On the other hand, while the bulk of exports still comes from oil, Kazakhstan has been trying to diversify its exports with the goal to increase its non-commodity exports to $41 billion by 2025. In 2020, Kazakhstan’s exports in services only accounted for 10.8% of exports in commodities (USD$5bn vs. USD$46.4bn), with the majority exporting to China, Italy, Russia, and the Netherlands. The Kazakh Ministry of Trade and Integration has launched a couple of policy instruments to boost trade relations between Kazakh enterprises and potential importers, traders, and distributors; for instance, the export accelerator program directed 35 Kazakh companies to the market of China via B2B meetings in 2020. Nonetheless, the supply chain disruption in the past two years due to the Covid-19 pandemic has presented tough challenges in logistics. Hence the formation of convenient logistics routes might bring positive spillovers to exports, particularly along the Belt-and-Road (BRI). It is estimated that a reduction in shipment time is usually critical to the energy sector but can benefit non-oil exports even more, precisely those time-sensitive inputs. Besides, aligning exports with this trend depends on the government’s effectiveness in implementing complementary reforms that encourage supply, as well as on the number of adequate foreign investors with the requisite technology to produce competitively.
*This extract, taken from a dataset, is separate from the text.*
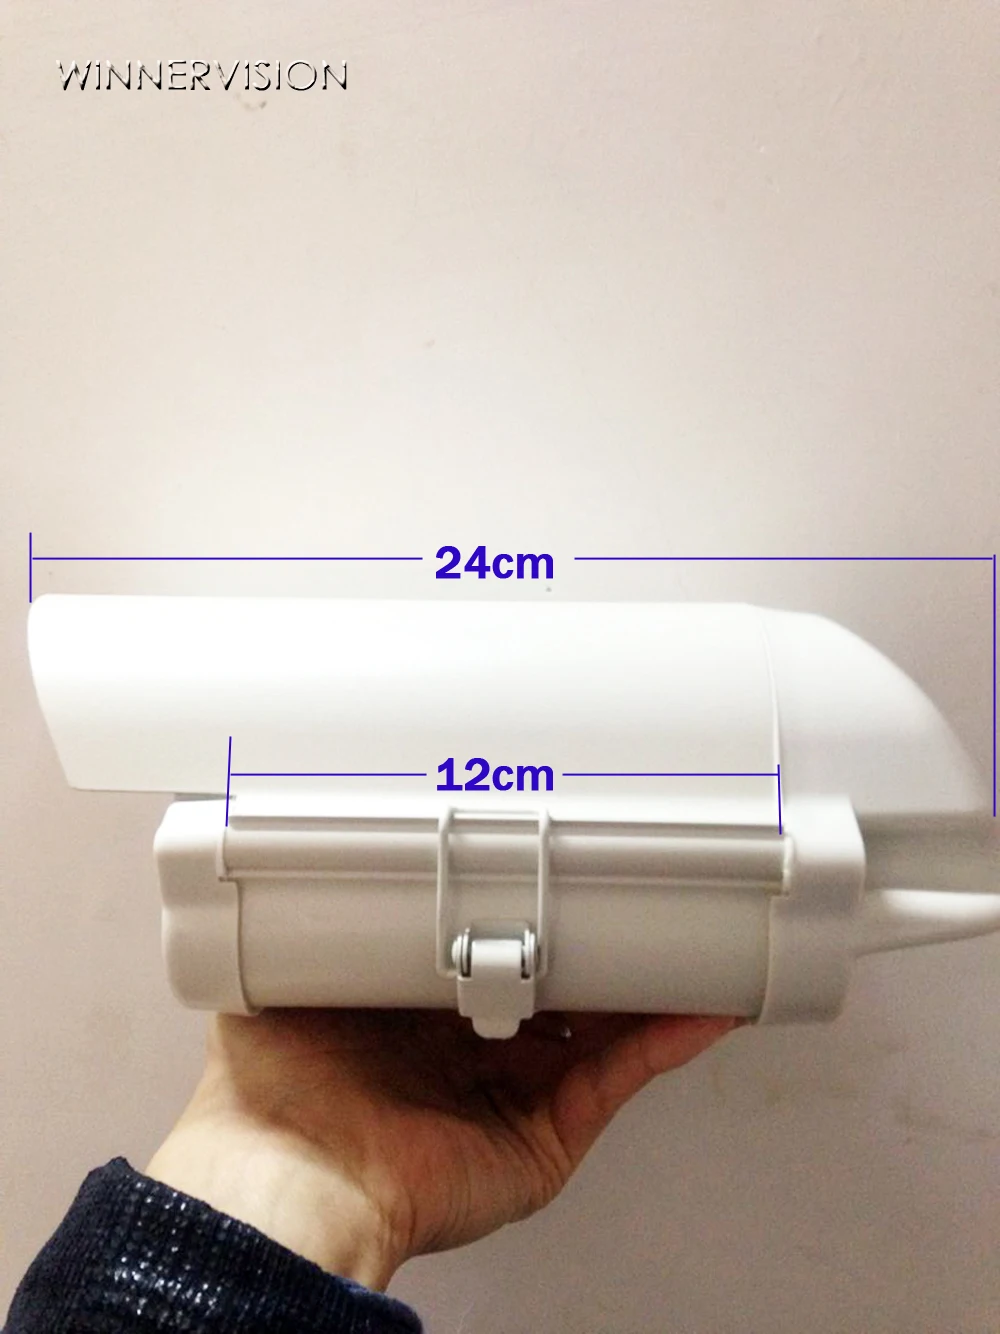 6 дюймов CCTV камеры видеонаблюдения Корпусная коробка открытый корпус водонепроницаемый алюминиевый корпус сплав крышка с вырезом объектива

So far, Kazakhstan has established 13 special economic zones and 23 industrial zones with the necessary infrastructure, legal framework, and special benefits and tax incentives to attract investors. It was ranked 25th in the Ease of Doing Business among 190 countries in 2019, ahead of big economies like China and Japan and most European and ASEAN countries. FDI, or foreign direct investment, though not a direct component of GDP, is one of the most significant sources of capital inflows, an integral part of an open and effective international economic system, and a major catalyst to development, especially for developing countries and emerging market economies. The Kazakh government recently approved a new investment policy concept in June 2022, aiming to bring the level of investment in fixed assets to 25.1% of GDP and increase the inflow of foreign direct investment to $25.5 billion as early as 2026. “It is necessary to expand the sources of financing of investment projects in non-resource sectors of the economy,” said Alikhan Smailov, the Prime Minister. The long-term plan is to reap the benefits of FDI, such as improving labor productivity, increasing the volume and complexity of exports, developing new production facilities for higher value-added products, and gradually localizing production. Last year, Kazakhstan’s FDI volume doubled, with capital coming primarily from the Netherlands, the US, Switzerland, and China.
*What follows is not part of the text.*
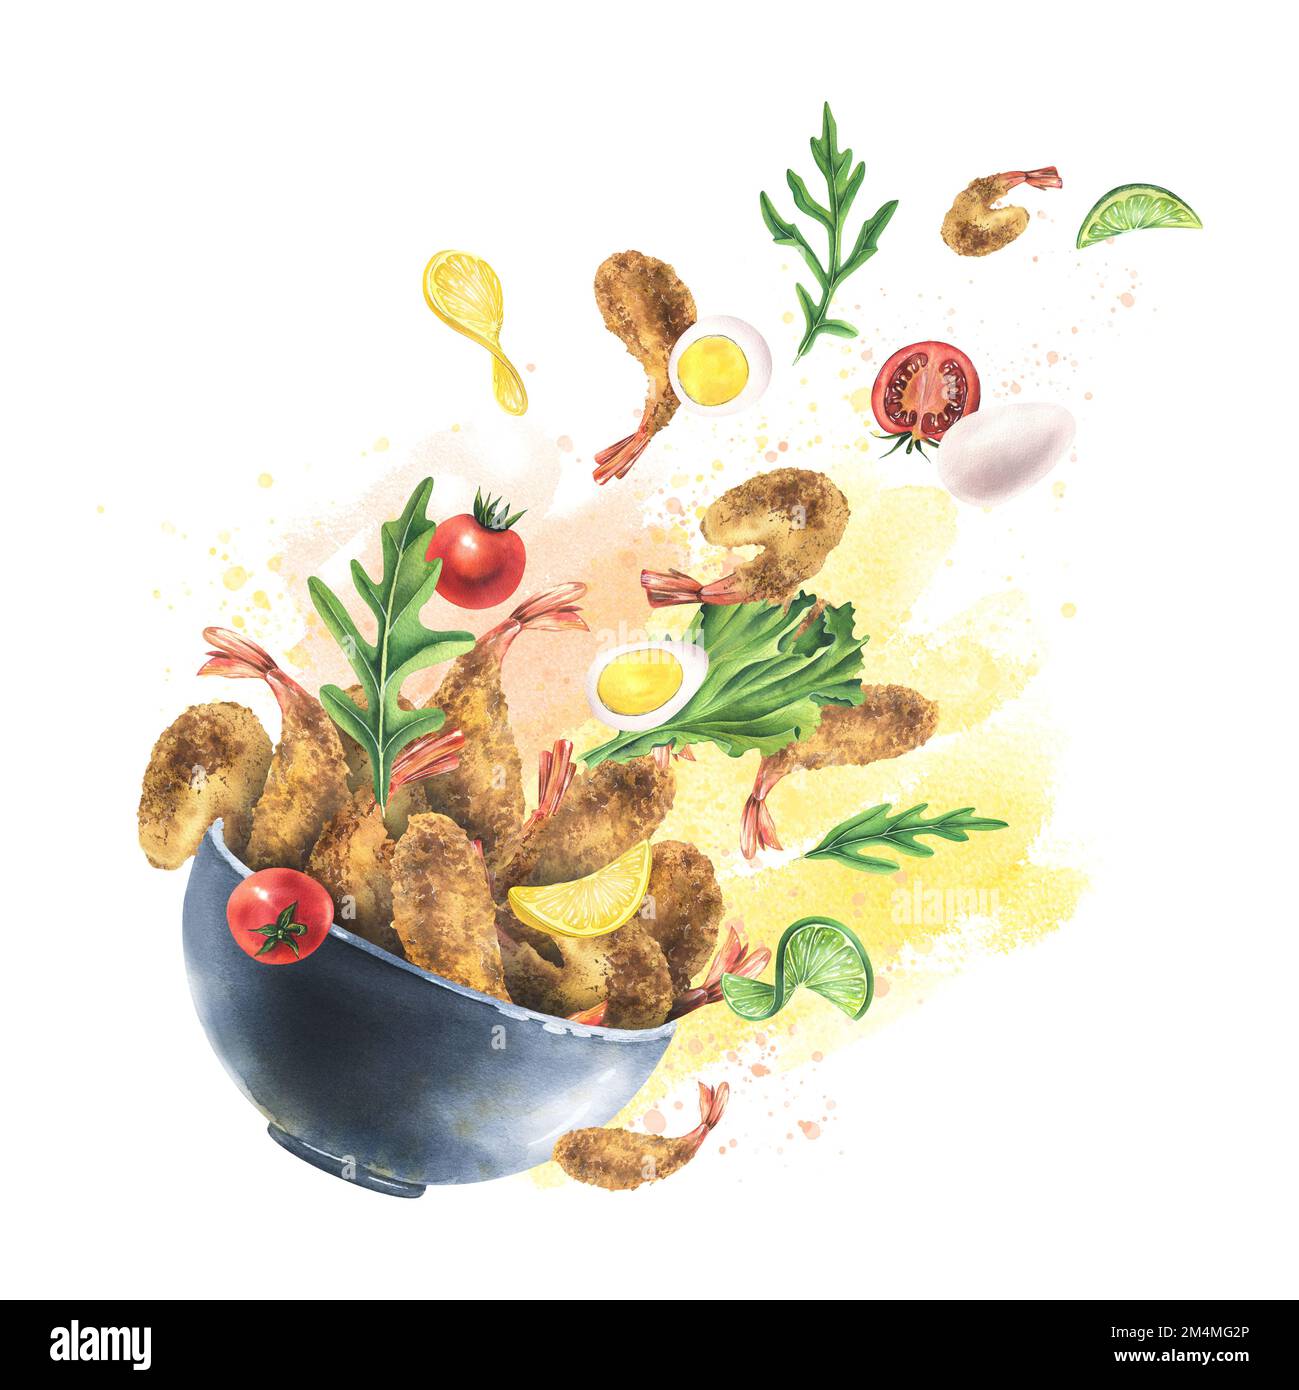 Crevettes panées, tempura dans un bol en céramique avec des arugula, des tomates cerises, des œufs de caille, de la lime et du citron. Illustration aquarelle. Composition de la lévitation Banque D'Images

After all, under the global shadow of low economic growth, unyielding inflation, and interest rate hikes, compounded by the Russia-Ukraine geopolitical crisis and the aftershocks of the pandemic, it is not likely the case – at least in the coming years – that Kazakhstan will easily accomplish its 2050 Strategy and squeeze into the top 30 global economies. Yet one thing is for sure; the country has never been more open than it is today.